В отличие от представителей животного мира, человек носил украшения, сделав их сам, и это было своего рода знаком. Несмотря на то, что первобытный человек также рисковал быть пойманным и съеденным большим хищником – саблезубым тигром или пещерным медведем, – все же главную опасность для него представляли микроорганизмы. И украшения были своего рода магическими знаками, своего рода лечебными заклинаниями. Но самое главное – они укрепляли веру в спасение. Можно сказать, что украшения каменного века (среднего палеолита!) были зачатком религии.

Давайте поразмышляем. Предметы украшения выступали для предков прежде всего в качестве оберегов, то есть для защиты первобытных жителей верхнего палеолита от злых духов. В этой же роли они выступали для неандертальцев и ранних Homo sapiens. То есть наши далекие предки видели, как птицы своими когтями, а животные – зубами хватают добычу (которая вполне могла быть заражена микроорганизмами) и прекрасно себя чувствуют. В то время как люди, используя практически те же самые продукты, нередко болеют и умирают. Значит, у представителей животного мира выработаны какие-то защитные свойства, думали наши древние кузены. Так же дела обстояли и с морскими раковинами. Несмотря на то, что от плоти моллюска люди заражались различными паразитами, они думали, что сама раковина дает моллюску какую-то защиту от этих же паразитов. Стратегия выживания вырабатывалась в первую очередь в поиске лечебных средств от болезней и могла развиваться по разным на-правлениям. Думаю, приобщение к магическим амулетам в палеолите развивалось параллельно с поиском лекарственных трав, использованием огня, натиранием охрой.

Отсутствие знаний об истинной причине такой болезни окутывало ее тайной, придавало смерти магическую сверхъестественную силу. Болезнь не поддавалась никаким логическим умозаключениям, от нее нельзя было скрыться в помещении, спрятаться и убежать, она везде могла внезапно и стремительно настигнуть жертву. И люди не только носили амулеты в этой жизни, но затем стали укладывать их в могилу вместе с покойником, для того чтобы амулет берег его в другой жизни. Это подтверждается и дальнейшими археологическими исследованиями.

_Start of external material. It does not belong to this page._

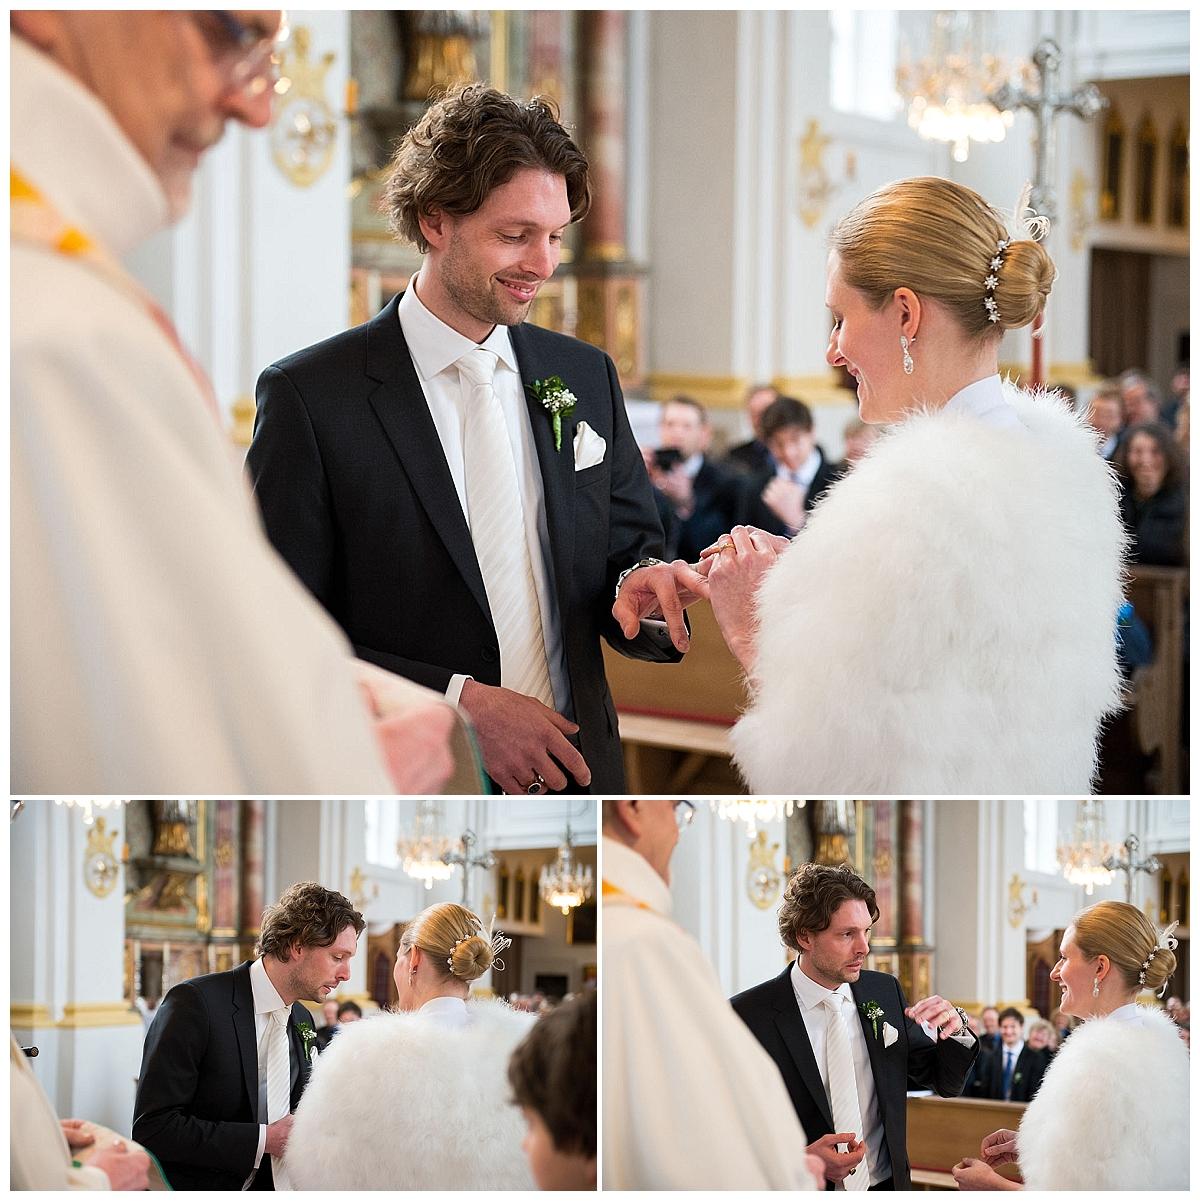 Schelke Fotografie-526_Verrueckt nach Hochzeit_echte Hochzeit_Nicole und Sebastian

Морские раковины обнаруживались в многочисленных погребениях палеолита, мезолита и неолита. Происходило это в самых разных частях света, причем независимо от того, находилось ли место раскопок вблизи моря или было удалено от него на сотни километров. Наши предки использовали ракушки каури в качестве украшения на огромной территории, начиная от Тихоокеанского побережья и Дальнего Востока до Западной Европы и побережья Атлантики и Африки. Каури находят в захоронениях неолита на Крите и в погребениях микенского периода. Они служили первобытным народностям оберегами и амулетами, то есть средством защиты от злых духов, а также использовались в декоративных целях. И впоследствии, с изобретением одежды, перекочевали на нее. Их также использовали как украшение для волос, в качестве подвески на копья. На Алтае и в Сибири каури были неотъемлемой частью украшения шаманской одежды. Из раковин делали не только браслеты, но и серьги.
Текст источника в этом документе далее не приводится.